Anna continued to read the files all afternoon, but when it got to five-thirty and there still had been no word from the mortuary, she went home. It was quite a drive from the station to her flat over at Tower Bridge, and although it had not been a particularly tough day’s work, she felt tired. She meant to read up on more details about the previous cases but instead watched some TV before going to bed. There was nothing on the news about their victim. Anna sincerely hoped she would not turn out to be another murdered girl who would remain unidentified.

The following morning the postmortem details still had not come through. Anna did not get asked to join Mike Lewis and Barolli when they went over to the mortuary, so she spent the entire morning examining the extensive files, reading the thousands of statements culminating in no arrests. She constantly looked up at the incident board, where the two dead women’s faces had been joined by their new victim’s crime-scene pictures.

It was after lunch when Mike Lewis called a briefing. Their victim had died from strangulation, he announced. She had been raped and had extensive bruising to her vagina and abdomen.

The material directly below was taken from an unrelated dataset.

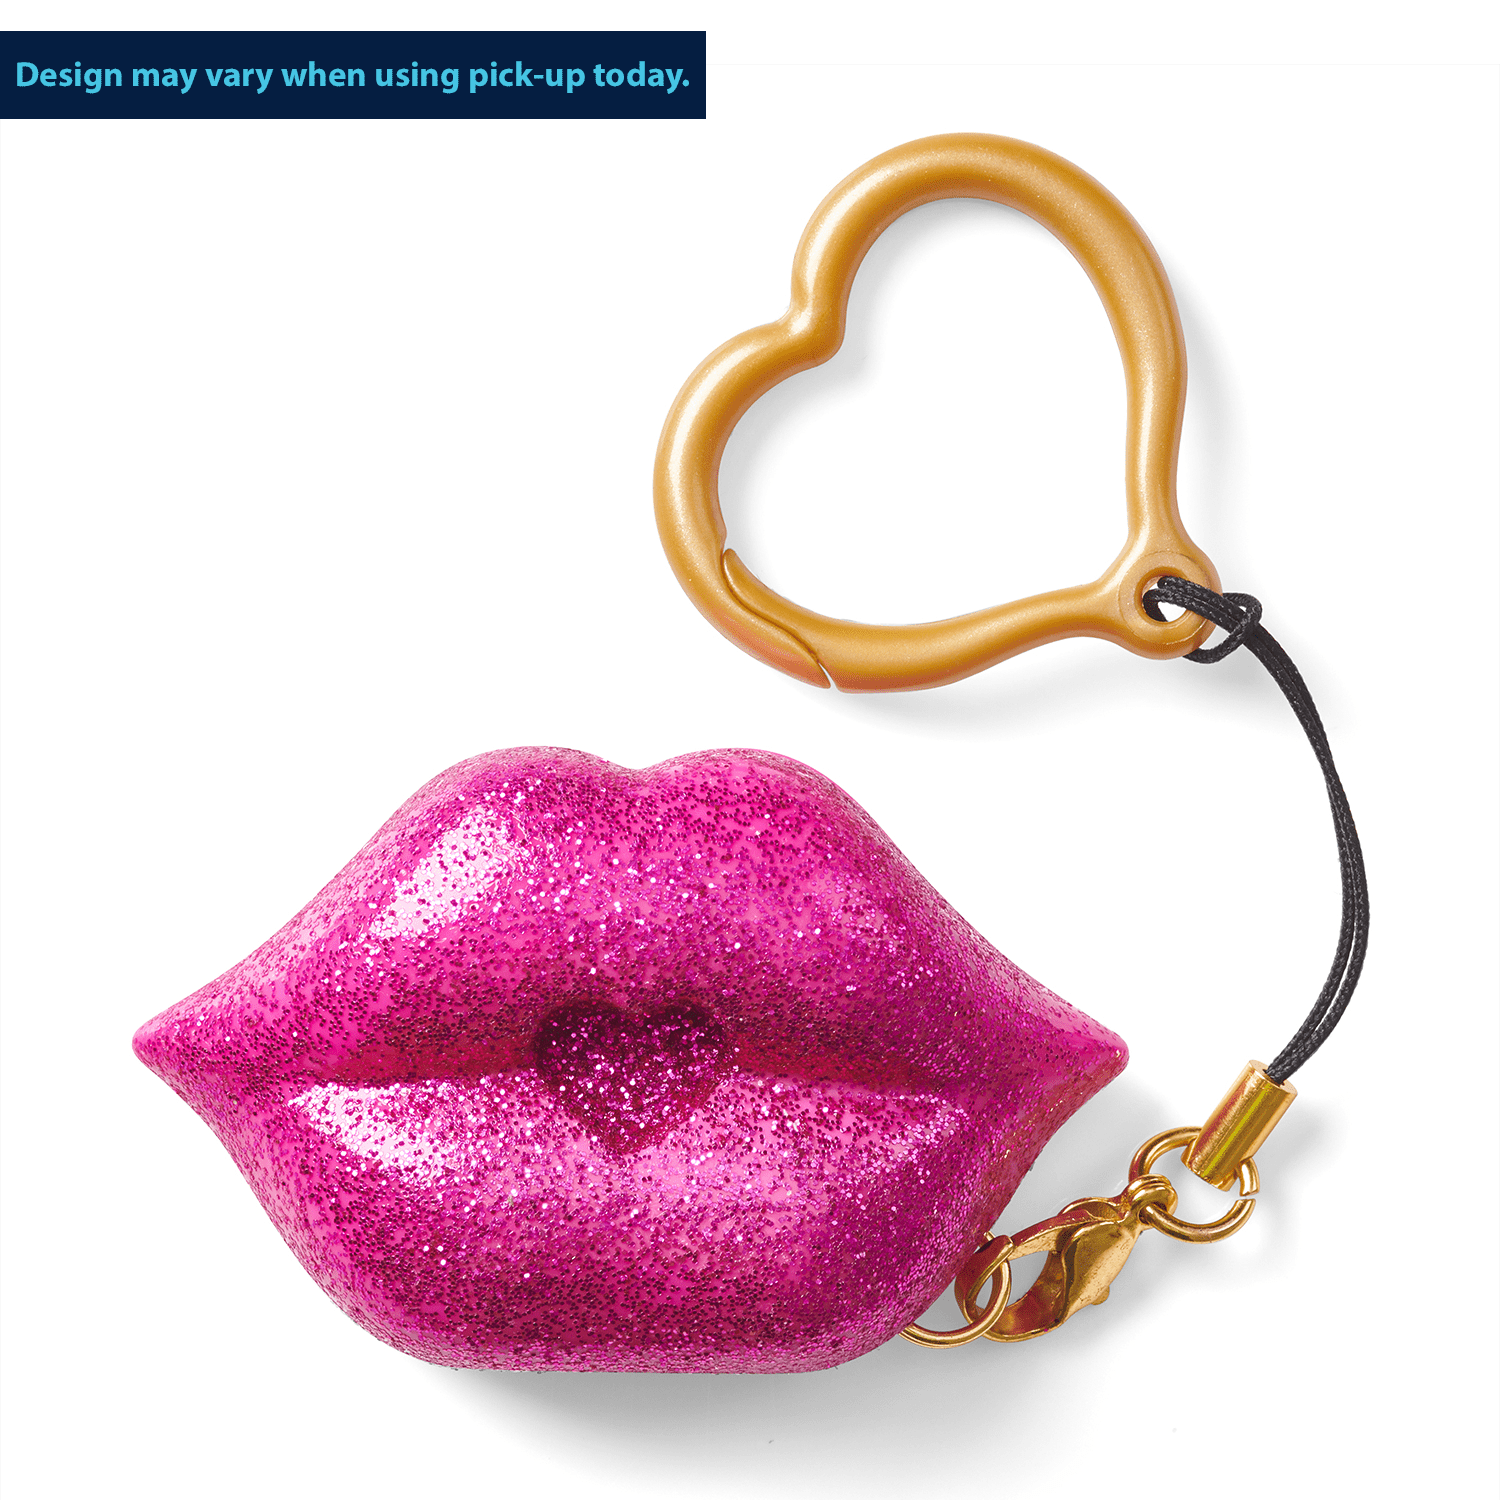 S.W.A.K. Interactive Kissable Key Chain – Glimmer Kiss By WowWee - Walmart.com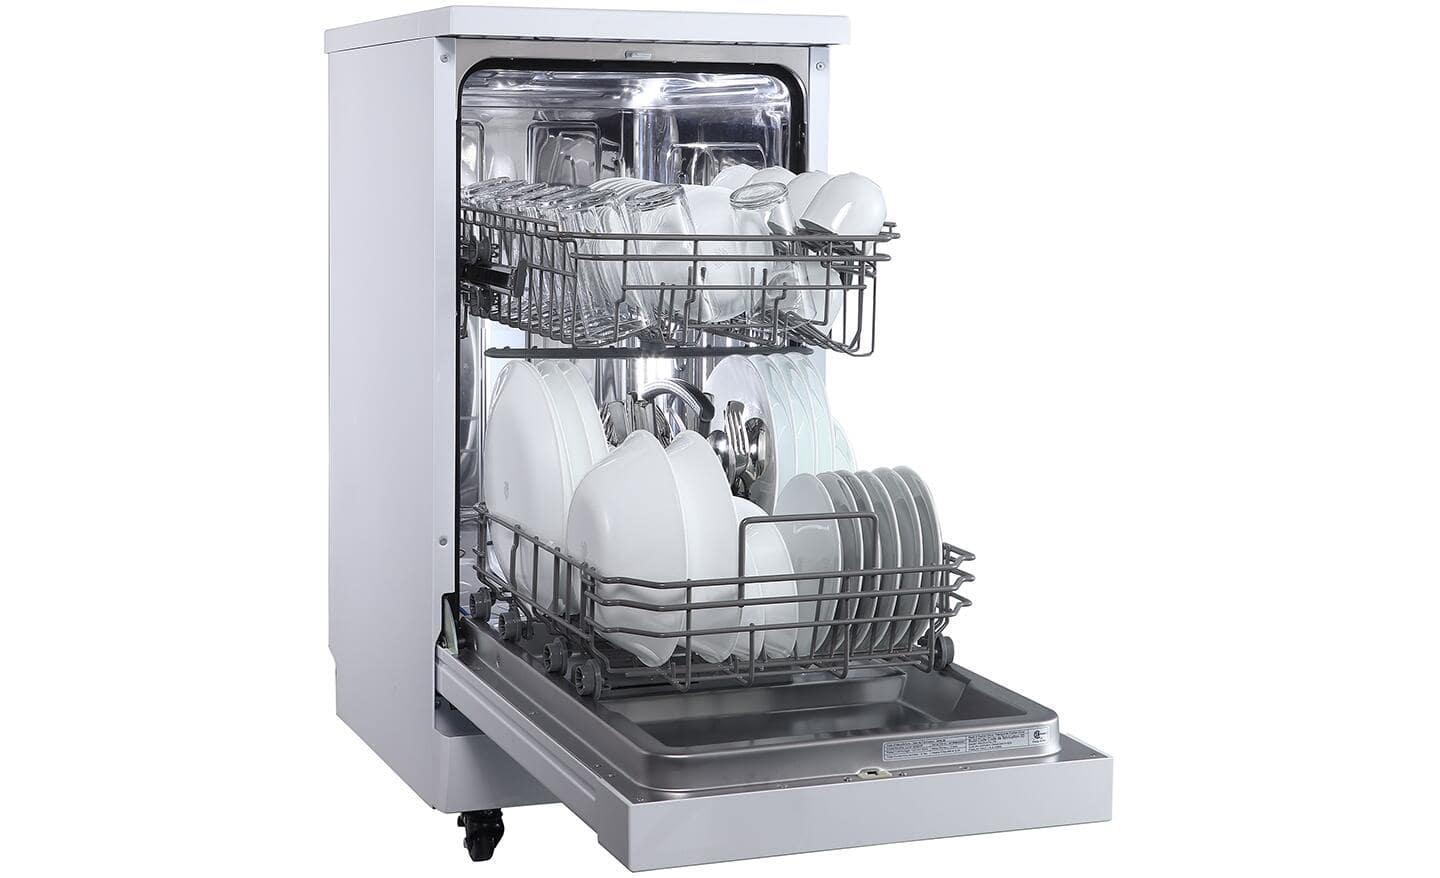 Portable dishwasher filled with clean dishes

There were no signs of drug use. Her last meal had been a hamburger and chips and Coca-Cola. She was in good health. A fingerprint search had proved negative, but it was hoped that dental work would bring a result, as she had very good teeth, with two caps that appeared to have been done recently. These were her two front teeth, so she could have been in an accident; that again might narrow the field. Her hair was in good condition, and she had no broken nails or defense wounds.

The dead female’s T-shirt was from Miss Selfridge, and her skirt from Asda. Her white sandals, the second of which had been found under the body, were hardly worn and still had the price tag on the left sole. Again, this would mean they might get a clue to her identity. Mike Lewis said that her age was between sixteen to twenty-five, and they would be going to the press to try and get a result.

By late afternoon the press office had sent out cleaned-up photographs of the victim and requests for anyone with information to come forward. The details were also passed on to the television news, while officers armed with the victim’s photograph were still questioning everyone at the nearest service station. They had given out a direct line for anyone with any information to call. Usually, after such press coverage, they would be inundated with callers, but though they had a small number, none gave a clue as to who the young woman was. Many were time-wasters, but the team nevertheless had to take the personal details and information of every single one.